It’s hard to imagine that things could get worse.
California, this land that once dripped with milk and honey and was so pregnant with the promise of laidback living, today looks more like a late-stage cancer patient whose lifelong party has finally caught up with it.
With annual budget deficits edging ever closer to $30 billion, real unemployment hovering around 20 percent, a public school system that has dissolved into state-run day care, and facing a terminal shortage of water to sustain its runaway development, California is a very sick state.
In Sacramento, a bureaucratic end-of-life anxiety has taken hold as the coffers bleed out. The professional politicians who have run California for a generation have become manic — veering between declarations of some new cure for the state’s ailments to settling into a bitter funk that betrays their hope for a brighter tomorrow.
But chances are the worst is yet to come.
Washington is poised to again attempt what will be the largest mass amnesty in the history of nation-states — “comprehensive immigration reform” — a legislative clarion call that will resonate across the desperate shantytowns of Mexico. Just as the attempted amnesties of 2006 and 2007 triggered tremendous spikes in illegal immigration across the southern border, this next attempt will spark another Biblical-scale exodus from Mexico.
And this flight of humanity is not about jobs. No, it is driven by a corruption-riddled, violence-wracked Mexico and its final chaotic collapse into a loose confederation of narco-fiefdoms.
The staggering body counts piling up in Mexico’s major cities, the medieval brutality of the drug slayings, the brazen confidence of the narco-warlords and the cancer of systemic corruption — and a cultural malaise of acceptance that underpins all of it — has made comparisons of Mexico to the lawless tribal lands of Somalia and Afghanistan not only appropriate but long overdue.
There’s perhaps no better testament to this than Mexicans themselves, who vote on Mexico’s future every day with their own feet, with their own lives, with their own children’s lives. And over the last decade, millions of Mexicans have cast a decisive no-confidence vote in any hope for a future in their native homeland.
They would rather risk arrest, humiliation, separation from loved ones and even death than stay another day.
The reality is that more Mexicans have fled their country in the past 20 years than the Russians who sought to escape the grim clutches of the Soviet Union during a half-century long Cold War.

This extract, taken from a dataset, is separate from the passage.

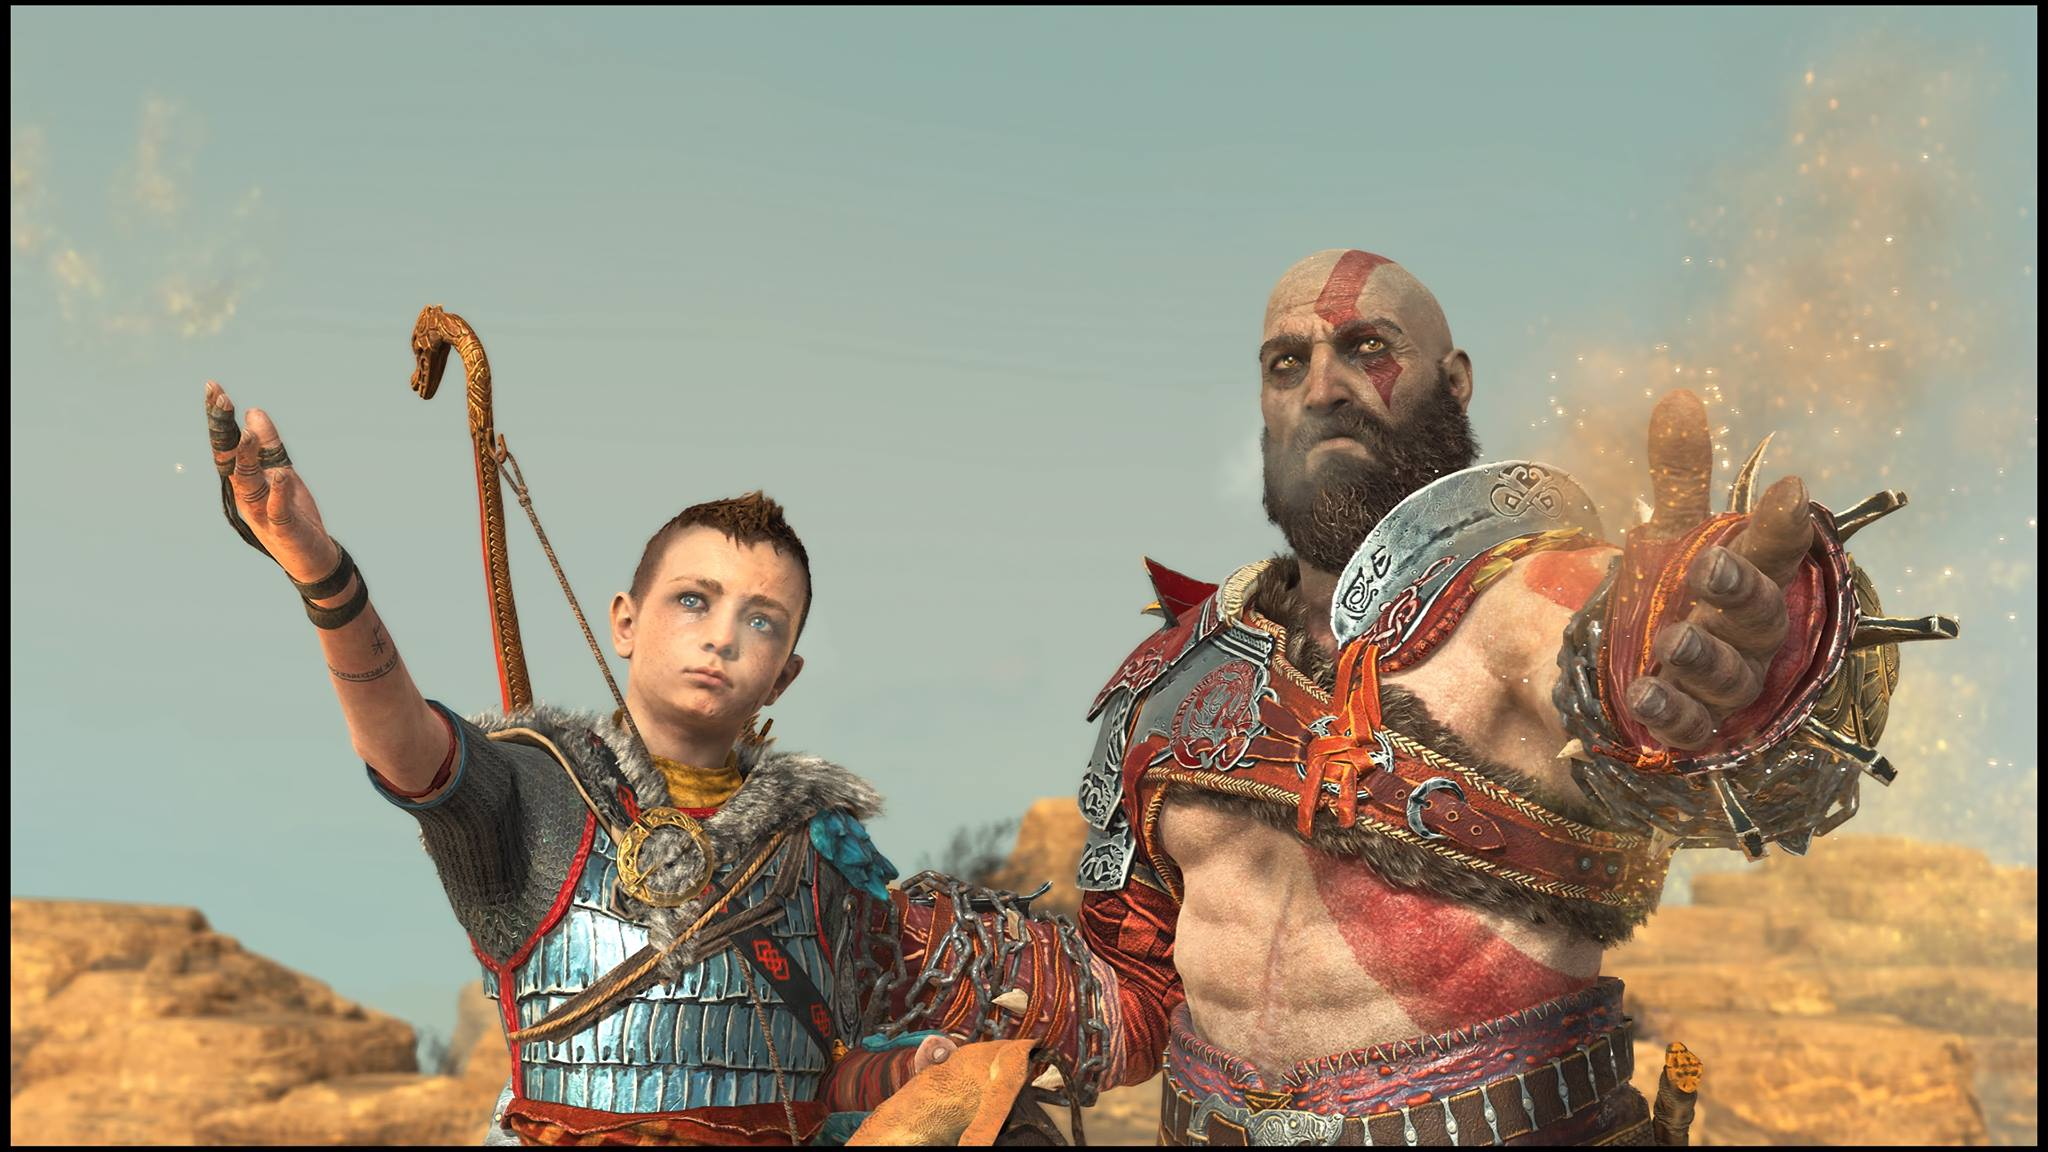 atreus god of war (2018) kratos video games god of war screen shot santa monica studio

California has been buffeted by these successive waves of refugees from the failed nation to its south, and another amnesty now will have catastrophic results for the struggling state.
Washington blusters on that the border will soon at last be secured and that the 15 million illegal immigrants already here (and some detailed projections indicate a population twice that size) will face a variety of legal clearances and sanctions if they wish to stay.
But legalizing every illegal immigrant who is already here is counter-intuitive to securing the border and enforcing immigration law. It is the legislative equivalent of declaring victory as we surrender.
And it will be seen as such in every corner of Mexico.
That’s precisely why declaring a general amnesty just as Mexico slides into chaos will explode the crisis in California.
Such an abrogation of federal responsibility would ironically bring California closer than ever to resembling Mexico’s dysfunctional sociopolitical landscape: a financially anemic state lorded over by a wealthy elite that rules by crass patronage and is riddled with mediocrity and corruption.
California stands precariously closer to that day of reckoning than it may care to think.
But if that day arrives, perhaps the richest irony of all will be for the Mexican immigrants who risked all to come here, as they look around and realize for all those hard miles, they didn’t run far enough.
— Southern California journalist Mark Cromer writes frequently about immigration.